The simple fact that bigger and deeper is better for training, leads to models that take up quite some space in memory.
However, most of the time one is limited when it comes to memory.
Either it is the budget on hardware or more recently developing models for mobile devices is becoming more and more popular.
Another important point for deploying neural networks in applications is inference time.
In general, larger models also mean longer inference time.
Fortunately, deep neural networks learn a lot of redundant parameters and several methods are under research for compressing trained models without loss in accuracy.
compression, pruning, quantization, Hoffman encoding, distillation, teacher model
From a very practical point of view, downloading a new image recognition model via some app store is usually limited to some MB.
And even if you have your model running on your mobile device the model size determines what kind of memory unit can be used and respectively how much energy is consumed by the processing unit, whether it is a CPU, GPU or mGPU.
The before mentioned redundancy in the weights of trained deep neural networks allows for a number of compression methods which we are going to discuss.
By analogies with the development of the human brain a method called pruning tries to reduce the number of parameters of trained neural networks.
The human brain forms a huge number of synapses after birth until the first year.
However, by the age of 10 this number shrinks again to roughly its half.
This makes it plausible to assume that a lot of connections are no longer needed after the brain has learned a certain number of tasks, like speaking and so on.
Pruning hence tries removing redundant connection between neurons in neural networks, even getting rid of some neurons and sharing weights among the rest.
In general, this allows compression rates up to 10x without loss of accuracy for both deep convolutional and recurrent neural networks.
Looking at individual layers, fully connected layers can be pruned up to 96% of its parameters and convolutional ones typically around 60%.
For the MNIST data set one finds that pruning mostly happens at the borders of the image since the numbers are mostly located in the center.
Retraining and regularizing the parameters of models after applying pruning is vital to maintaining their accuracies.
Another compression method is known by the name of quantization and basically deals with the way numbers are stored during computation.
In the beginning of neural networks high precision calculation with floating point numbers were required to preserve accuracy.
Typically all modern deep learning frameworks use 32bit float for storing parameters and input numbers during computation.
However, recent results seem to indicate that inference is stable for lower precession and even training low precession models seems to be in reach.
The way quantization works on high precession models is by clustering weights according to their values and then generating a code book.
The code book stores cluster indices for the respective weight together with low precession values, called centroids.
8bit fixed point format seems to be a lower bound for now.
The results for image recognition models like AlexNet or VGG16 show that for 8/5bit fixed point quantization no loss in accuracy appears and small losses can be achieved for 8/4 and even 4/2bit.
Additionally, quantization works together with pruning and therefore even higher compression rates can be achieved.
From an information theoretic point of view cluster indices and centroid values can even be encoded more efficiently with Hoffman encoding, where more common indices or values get fewer bits and less common ones more.
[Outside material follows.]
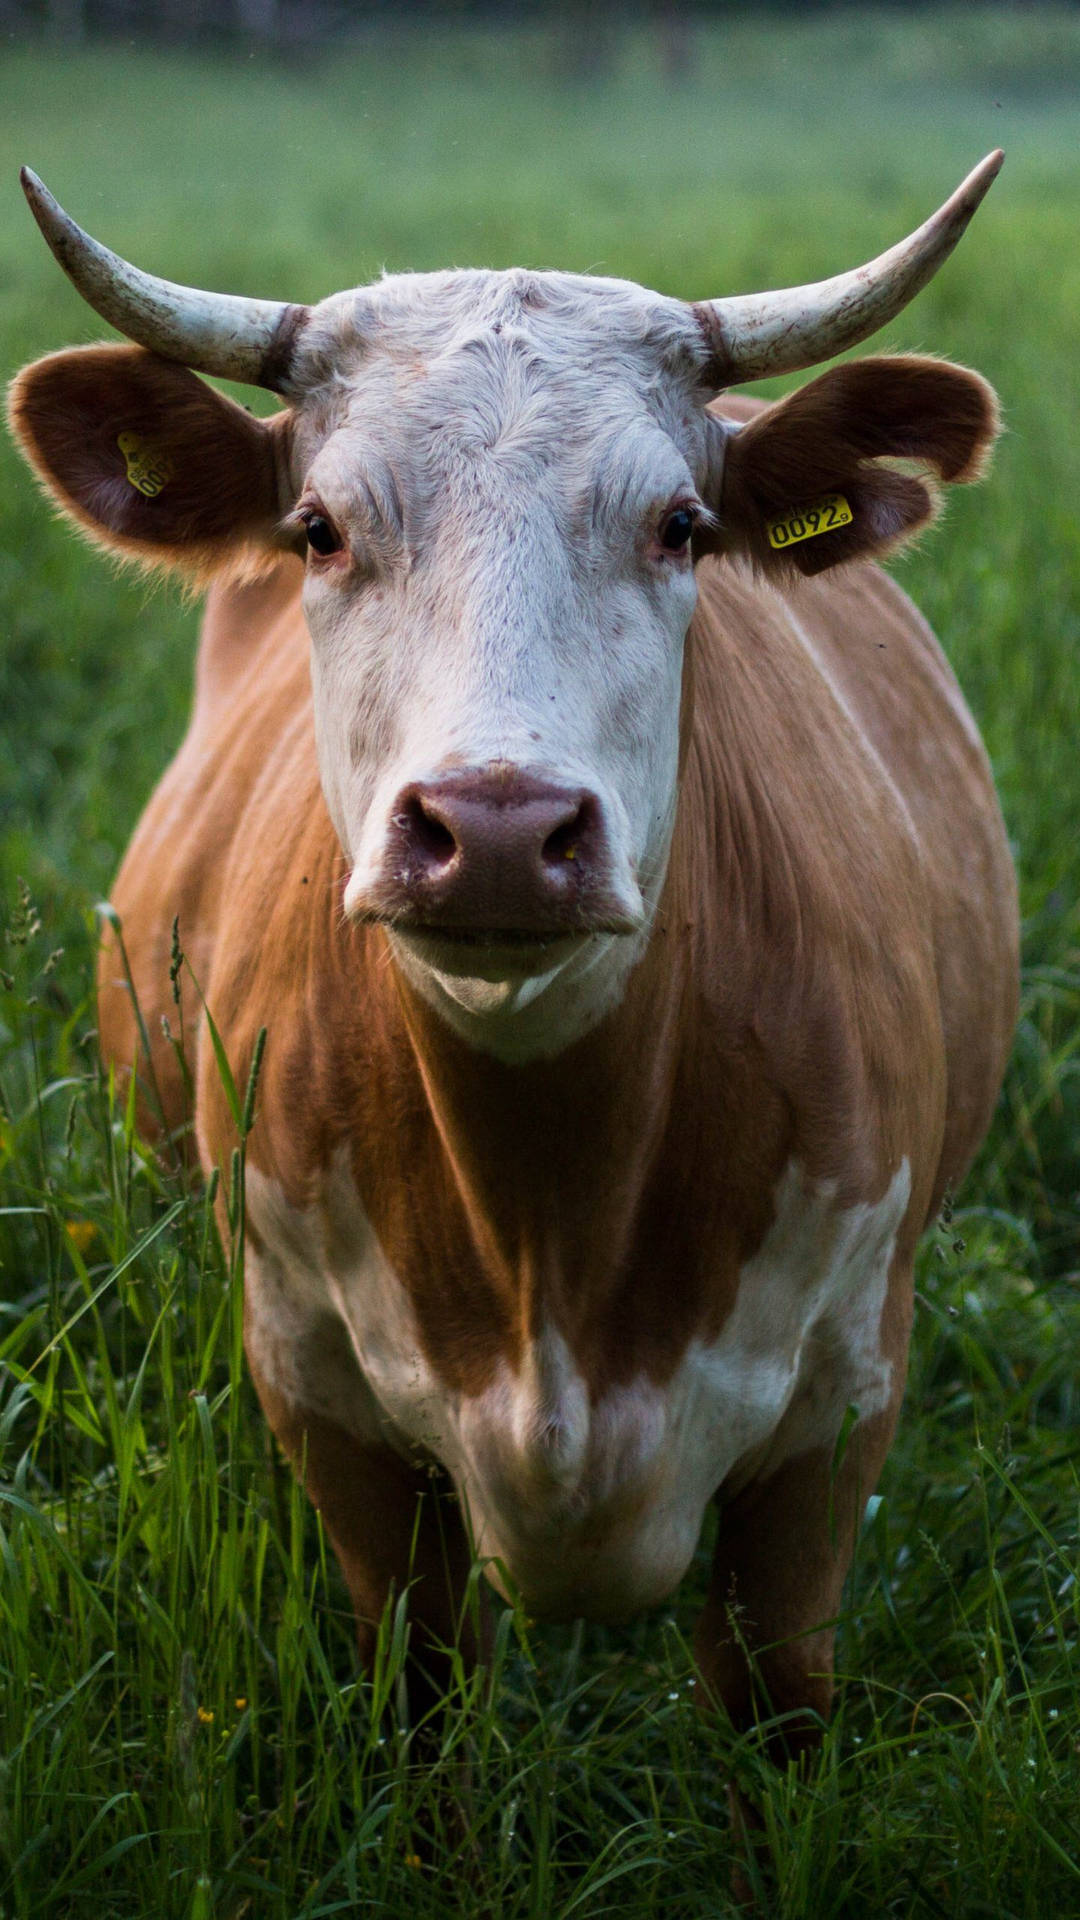 “This beautiful cow with big horns is ready to graze.” Wallpaper

Overall applying pruning, quantization and Hoffman encoding then leads to remarkable compression rates of 35x for AlexNet and 49x for VGG16.
Retraining models after applying pruning or quantization is of great importance as mentioned earlier.
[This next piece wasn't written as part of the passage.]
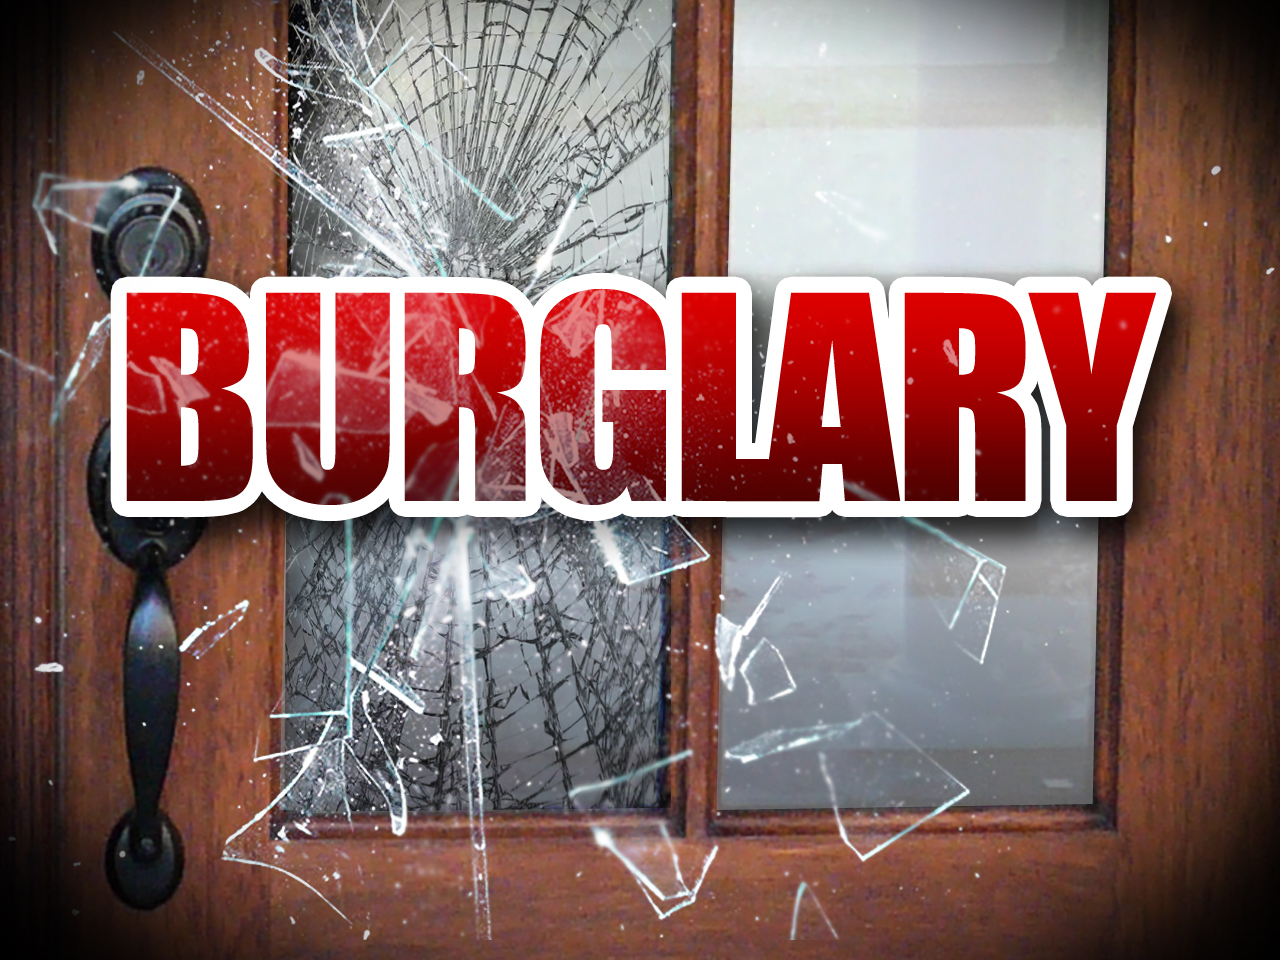 St. Croix's Tyler Canegata Allegedly Breaks Into Girlfriend's Apt ... Smashes Two Cell Phones

Another method that relies on retraining is called distillation.
Distillation tries to transfer the knowledge of a trained model, called teacher model, to an untrained student model with fewer parameters.
The training procedure for the student model can be optimized by using the teacher model’s probabilities as soft targets instead of the one-hot targets present in the data.
The soft targets contain additional information about the similarity between classes and the variance in gradients during training hence gets reduced which helps the student model to learn faster.
In the near future we will see more and more models making use of compressing methods to fit into small memories of mobile devices or to reduce energy costs for big data centers.